B-genome derived resistance to Leptosphaeria maculans in near isogenic Brassica napus lines is independent of glucosinolate profile

The role of the glucosinolate-myrosinase system in resistance to Leptosphaeria maculans was studied by monitoring changes in glucosinolate profiles in leaf tissue surrounding the site of inoculation. Susceptible Brassica napus cv. Hanna, resistant B. nigra and near isogenic lines derived from interspecific hybrids between the two species were compared. Expression of myrosinase binding protein and presence of genetic markers were also assayed. No correlation between degree of resistance and amount of sinigrin or other aliphatic glucosinolates was found. However, in time course experiments the glucosinolate profile of the L. maculans inoculated plants differed significantly from the water-inoculated control plants in the amount of 4-methoxy-glucobrassicin observed. Five to eight days post-inoculation an increased level of 4-methoxy glucobrassicin, ranging from 30% to 47% on average, was found in the inoculated plants, whilst controls varied between 7.6% and 9.2%. This increase was seen both in susceptible and resistant material. Other changes observed could mainly be assigned as effects of wounding. Although inoculation with L. maculans elicited changes in the leaf indolyl glucosinolate profiles, in the material studied, these changes could not be correlated to resistance against the fungus.     
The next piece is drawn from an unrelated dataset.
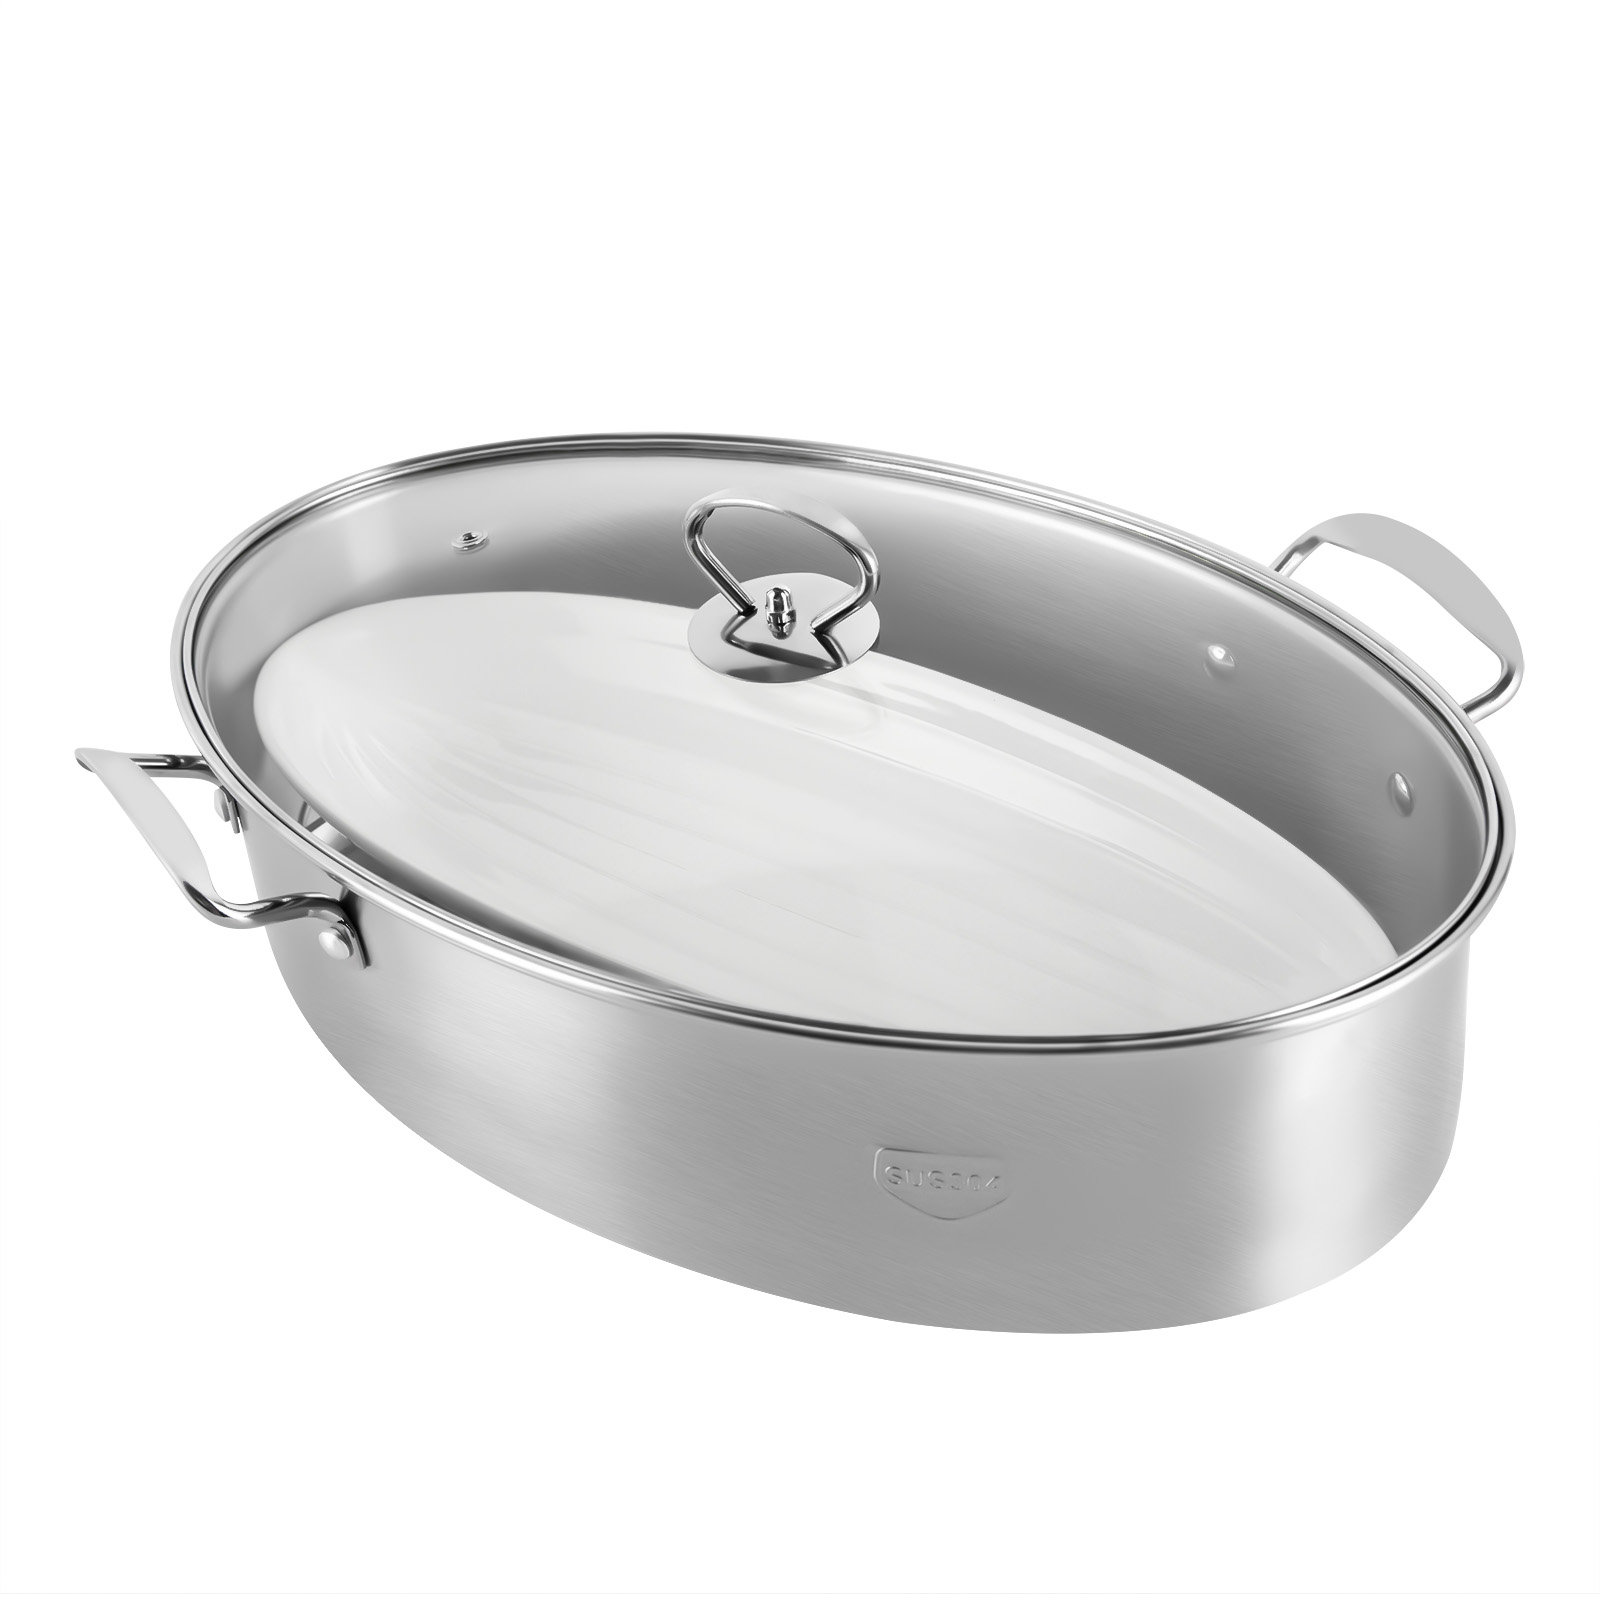 Sus304 Stainless Steel Steamer Pot For Home Use, Suitable For Soup

The genetics of adult-plant blackleg (Leptosphaeria maculans) resistance from Brassica juncea in B. napus

The genetic control of adult-plant blackleg (Leptosphaeria maculans) resistance in a Brassica napus line (579NO48-109-DG-1589), designated R13 possessing Brassica juncea-like resistance (JR), was elucidated by the analysis of segregation ratios in F₂ and F₃ populations from a cross between R13 and the highly blackleg-susceptible B. napus cultivar Tower. The F₂ segregration ratios were bimodal, demonstrating that blackleg resistance in R13 was controlled by major genes. Analysis of the segregation ratios for 13 F₃ families indicated that blackleg resistance in these families was controlled by three nuclear genes, which exhibited a complex interaction. Randomly sampled plants of F₃ progeny all had the normal diploid somatic chromosome number for B. napus. The similarities between the action of the three genes found in this study with those controlling blackleg resistance in B. juncea is discussed.